Copyright © 2007, European Society of Cardiology
In vivo mechanisms precipitating torsades de pointes in a canine model of drug-induced long-QT1 syndrome
aCenter of Excellence for Cardiovascular Safety Research, Johnson & Johnson Pharmaceutical Research & Development, Beerse, Belgium
bDepartment of Cardiology, Cardiovascular Research Institute Maastricht, Academic Hospital Maastricht, The Netherlands
*Corresponding authors. Dr. Gallacher is to be contacted at Center of Excellence for Cardiovascular Research, Johnson & Johnson Pharmaceutical Research & Development, a Division of Janssen Pharmaceutica N.V., Turnhoutseweg 30, B-2340, Beerse, Belgium. Tel.: +32 14 602846; fax: +32 14 605839. Dr. Volders is to be contacted at Department of Cardiology, Cardiovascular Research Institute Maastricht, Academic Hospital Maastricht, Peter Debyelaan 25, 6229 HX, P.O. Box 5800, 6202 AZ, Maastricht, The Netherlands. Tel.: +31 43 3877350; fax: +31 43 3875104. dgallach{at}prdbe.jnj.com p.volders{at}cardio.unimaas.nl
Objective Congenital loss of function and drug-induced inhibition of the slowly-activating delayed-rectifier K+ current (IKs) cause impaired cardiac repolarization. β-Adrenergic-receptor stimulation contributes to sympathetically-induced torsades de pointes (TdP). An in vivo model of long-QT1 (LQT1) syndrome and TdP in a species with IKs characteristics relevant to man is lacking. We investigated the in vivo mechanisms of TdP in a novel canine model of drug-induced LQT1 syndrome.
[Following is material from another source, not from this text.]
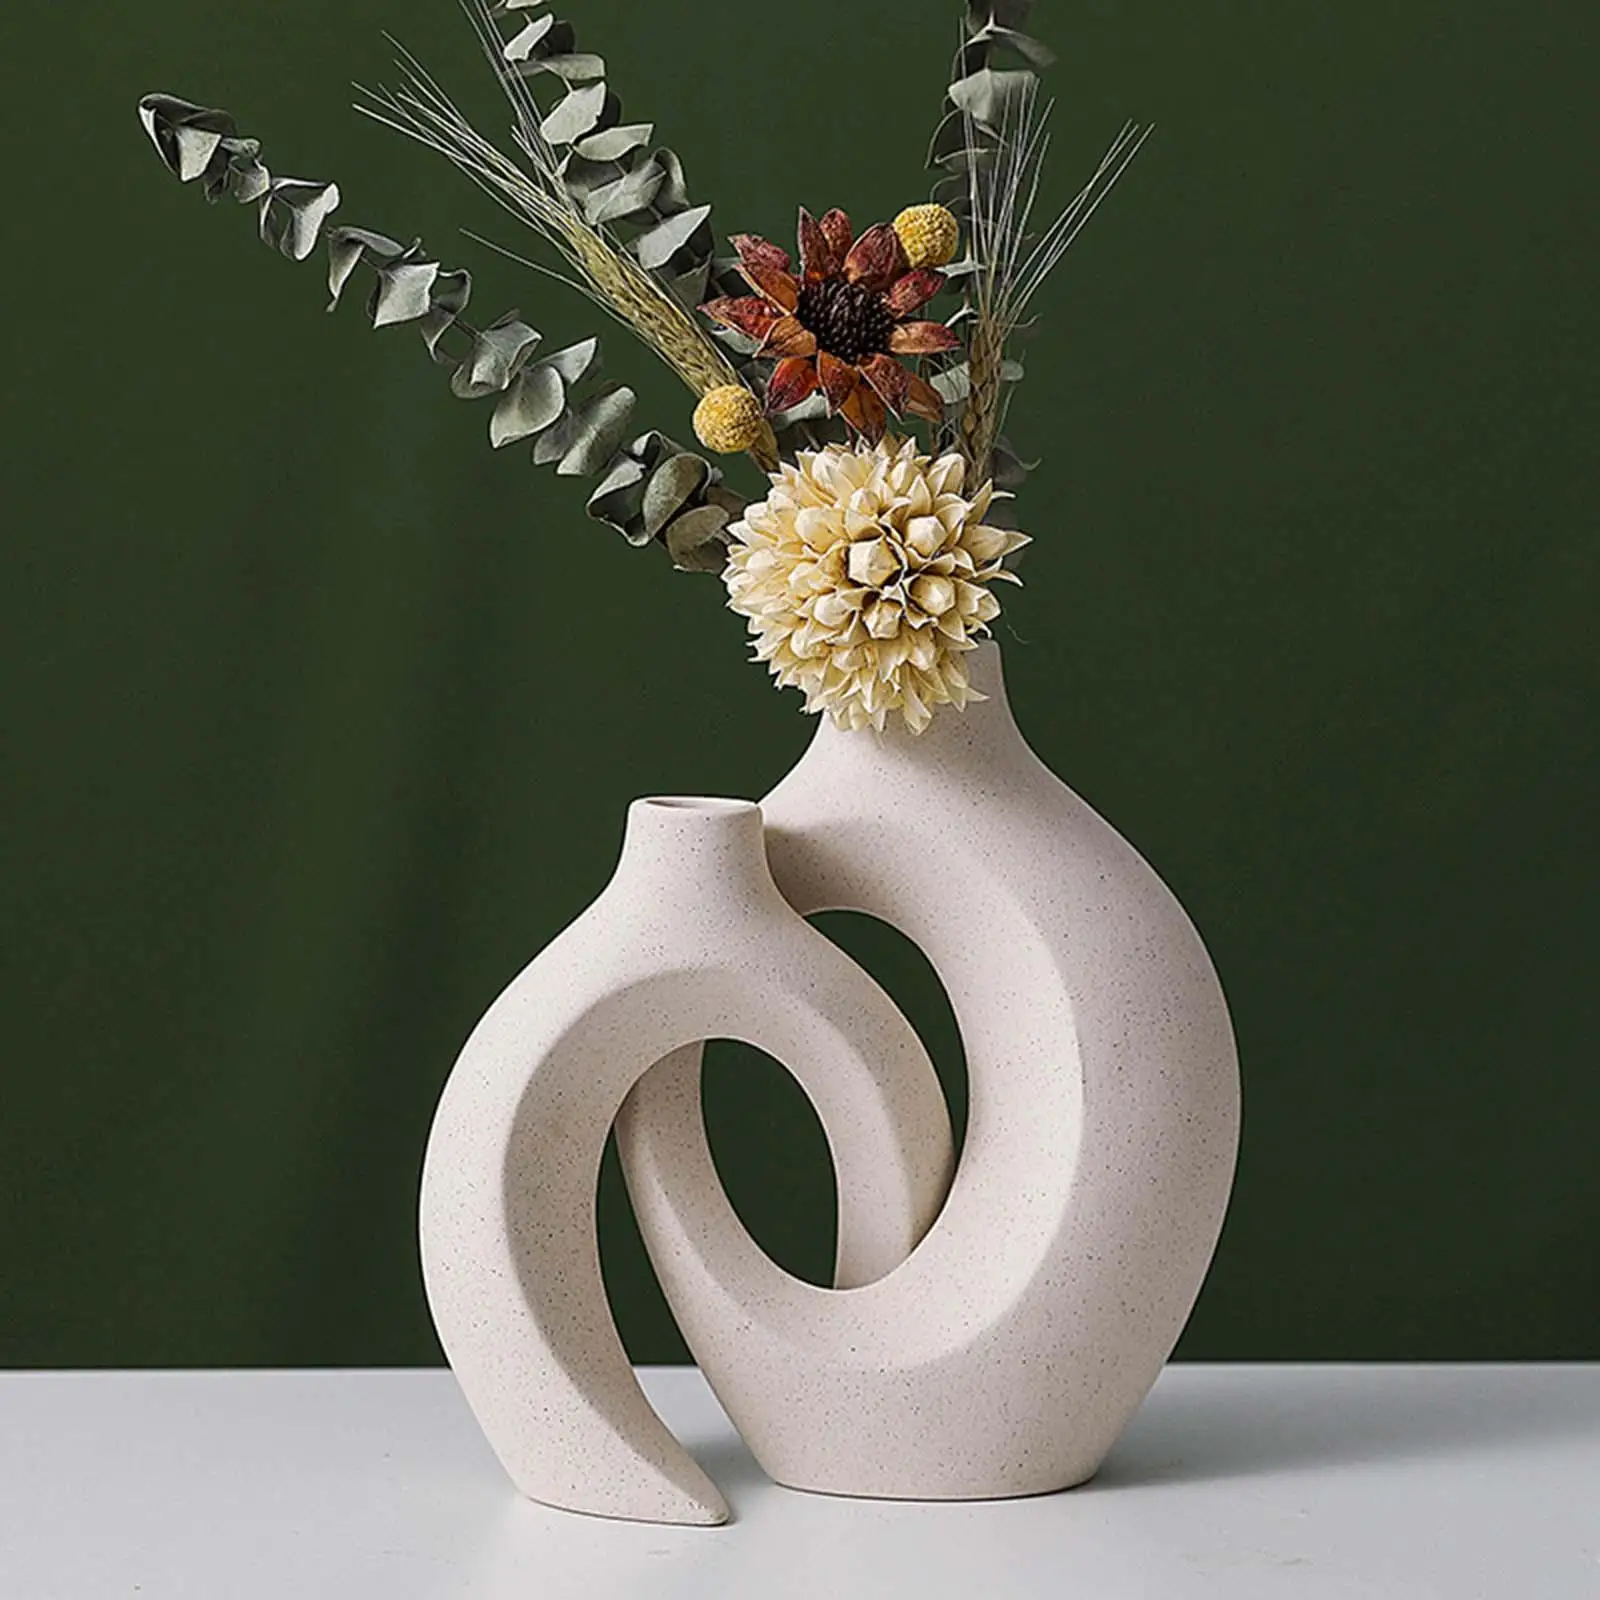 2 Pieces Nordic Style Flower Vase Flower Arrangements Planter Pots Tabletop Centerpieces Statue Decorative Bud Vase for Entrance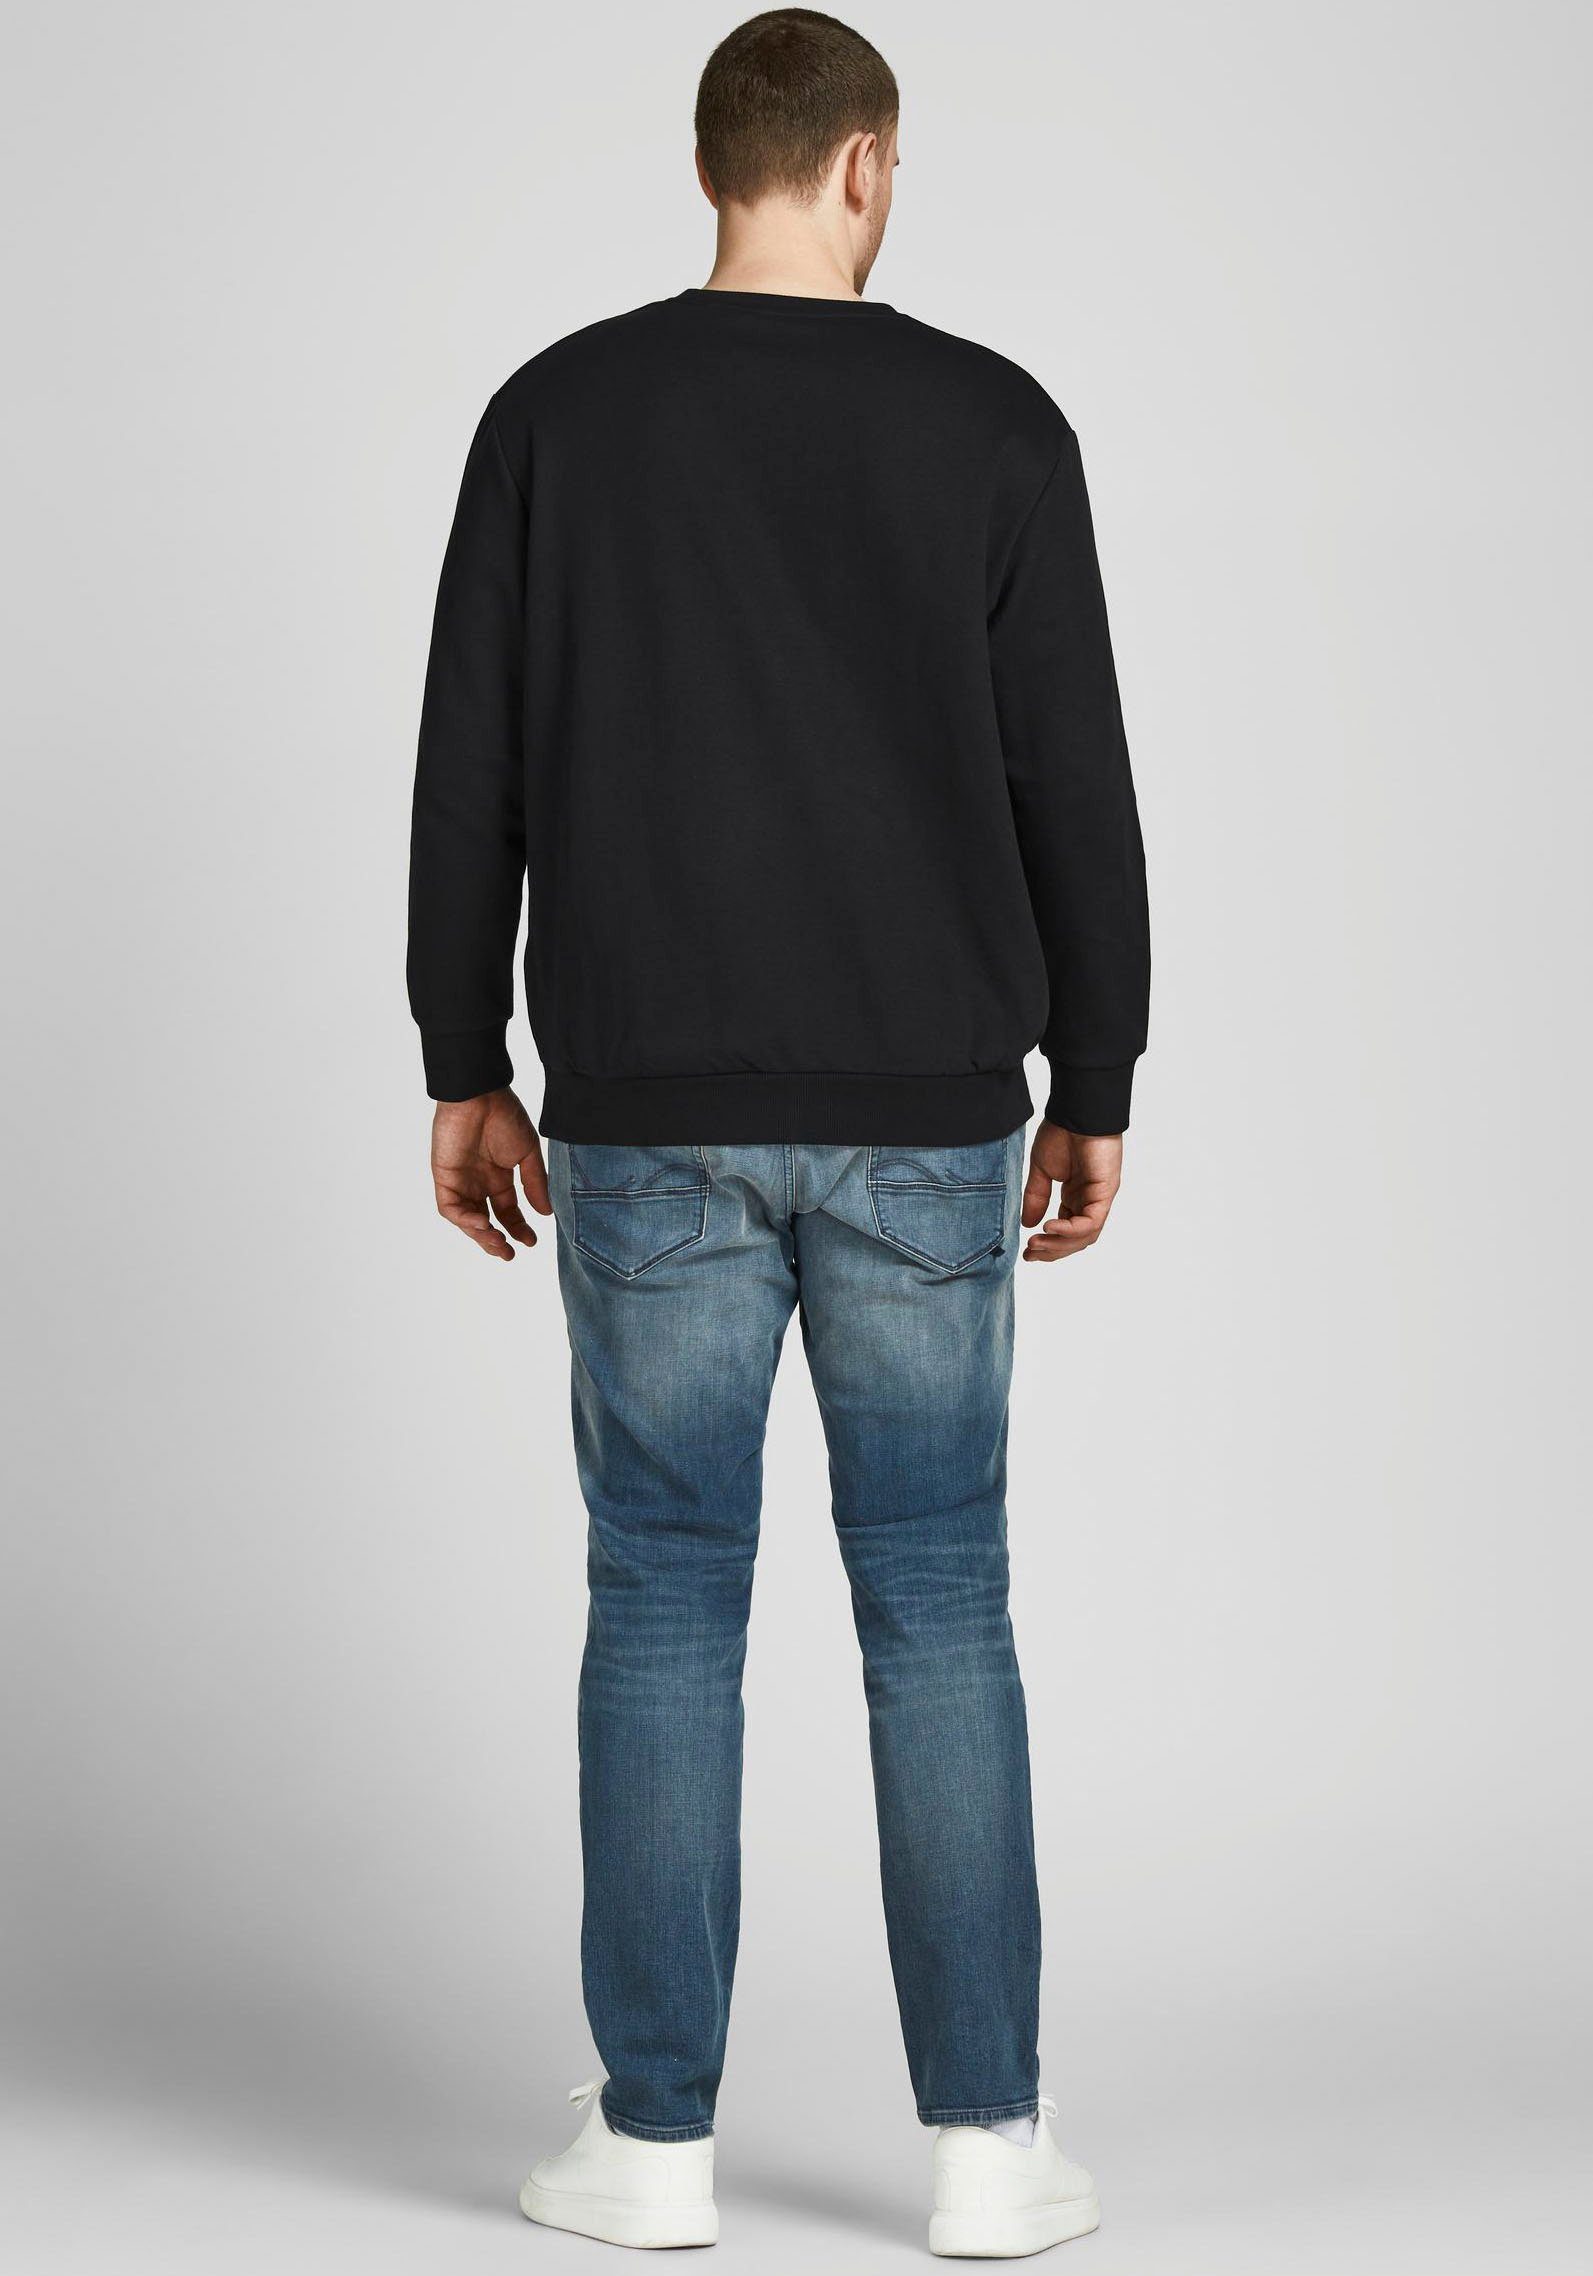 Jack & Jones PlusSize NECK SWEAT Sweatshirt schwarz BASIC (Packung) CREW

Methods Adult beagle dogs (n=30; F/M) were anesthetized with lofentanil (0.075 mg/kg i.v.) and etomidate (1.5 mg/kg/hour). ECGs, left- (LV) and right-ventricular (RV) monophasic action potentials (MAPs), and intracavitary pressures were recorded simultaneously. Infusion of the IKs blocker HMR1556 (0.025–0.050 mg/kg/min) mimicked LQT1, and bolus injections of isoproterenol (1.25–5 µg/kg) reproducibly triggered TdP in 94% of dogs (defibrillated if necessary).
Results Isoproterenol evoked paradoxical repolarization prolongation during heart rate accelerations. Beat-to-beat variability [QT, LV MAP duration (MAPD90)] and spatial dispersion of repolarization (Tpeak–Tend interval, endo-minus epicardial MAPD90, LV-RVMAPD90) were significantly increased. Early afterdepolarizations occurred predominantly in the endocardium and not the epicardium. During isoproterenol, secondary systolic contractions (aftercontractions; peak 25±6 mm Hg) arose in the LV (not RV) when TdP ensued. Prevention of TdP by esmolol (1.25 mg/kg), verapamil (0.4 mg/kg) or mexiletine (5 mg/kg) was only successful when repolarization prolongation was contained and aftercontractions remained absent.
Conclusions β-Adrenergic challenges trigger TdP in a reproducible manner in this model of drug-induced LQT1. Paradoxical prolongation and increased temporal and spatial dispersion of repolarization precipitate TdP. Incremental LV systolic aftercontractions precede TdP, suggesting abnormal cellular Ca2+ handling contributes to the arrhythmogenic mechanism.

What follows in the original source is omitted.